How to check a part of string with regex pattern in python

Question

I want to check if a string contains some part that matches a given regex pattern. My regex is to check for the presence of an IP address, it goes like this

regex = '''^(25[0-5]|2[0-4][0-9]|[0-1]?[0-9][0-9]?)\.( 
            25[0-5]|2[0-4][0-9]|[0-1]?[0-9][0-9]?)\.( 
            25[0-5]|2[0-4][0-9]|[0-1]?[0-9][0-9]?)\.( 
            25[0-5]|2[0-4][0-9]|[0-1]?[0-9][0-9]?)$'''

I want to check if a string like this contains an IP address in it

url_string = "http://110.234.52.124/paypal.ca/index.html"
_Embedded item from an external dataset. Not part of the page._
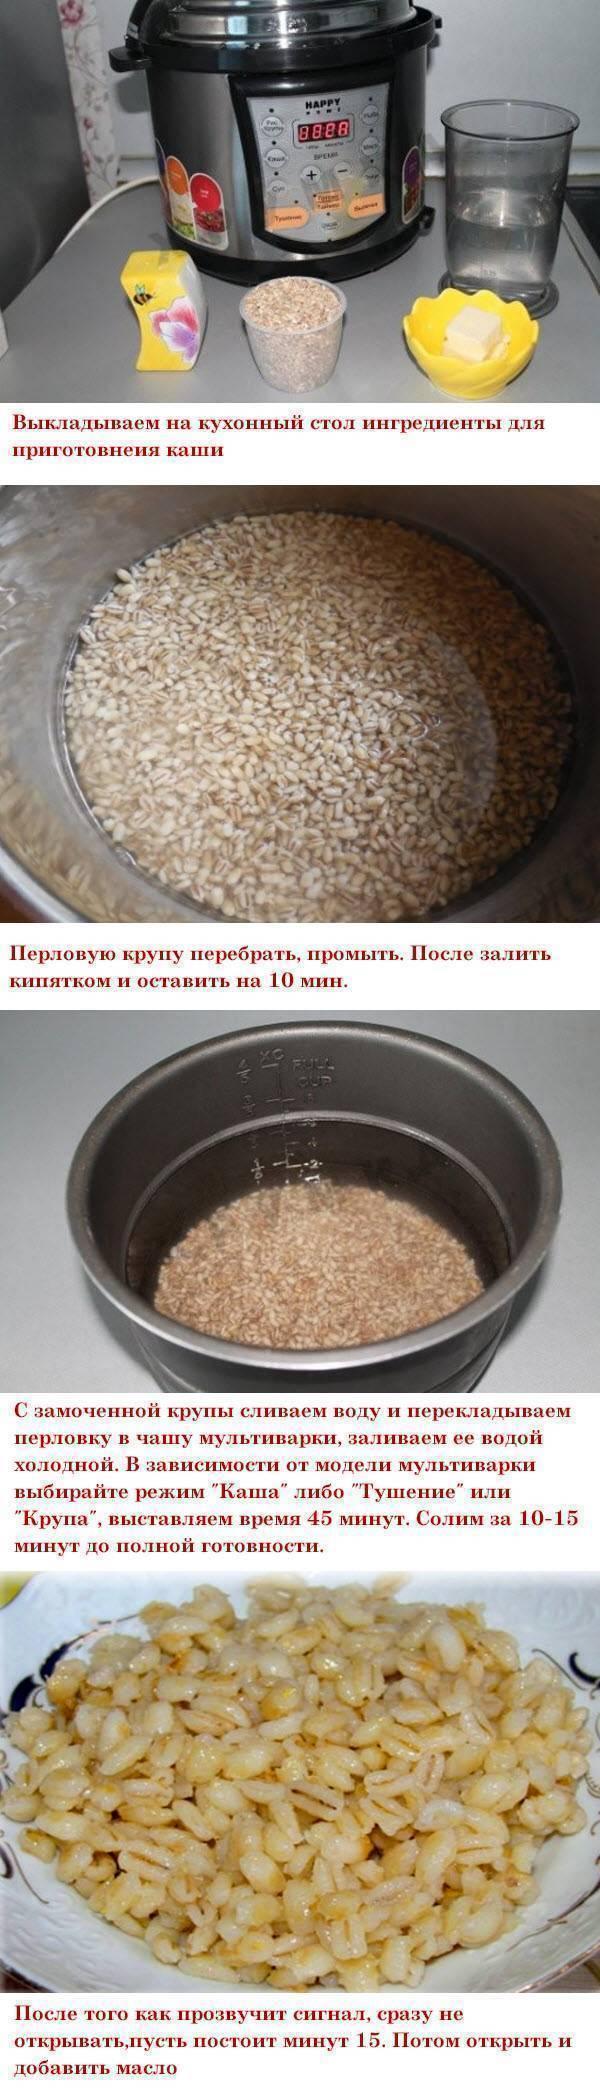 Как варить перловку на воде: пошаговые рецепты с замачиванием и без

since it has an IP address, I want to detect that, how can I do that?

Answer 1

import re

regex = "(25[0-5]|2[0-4][0-9]|[0-1]?[0-9][0-9]?)\.( \
            25[0-5]|2[0-4][0-9]|[0-1]?[0-9][0-9]?)\.( \
            25[0-5]|2[0-4][0-9]|[0-1]?[0-9][0-9]?)\.( \
            25[0-5]|2[0-4][0-9]|[0-1]?[0-9][0-9]?)"

result = re.search(regex, "http://110.234.52.124/paypal.com")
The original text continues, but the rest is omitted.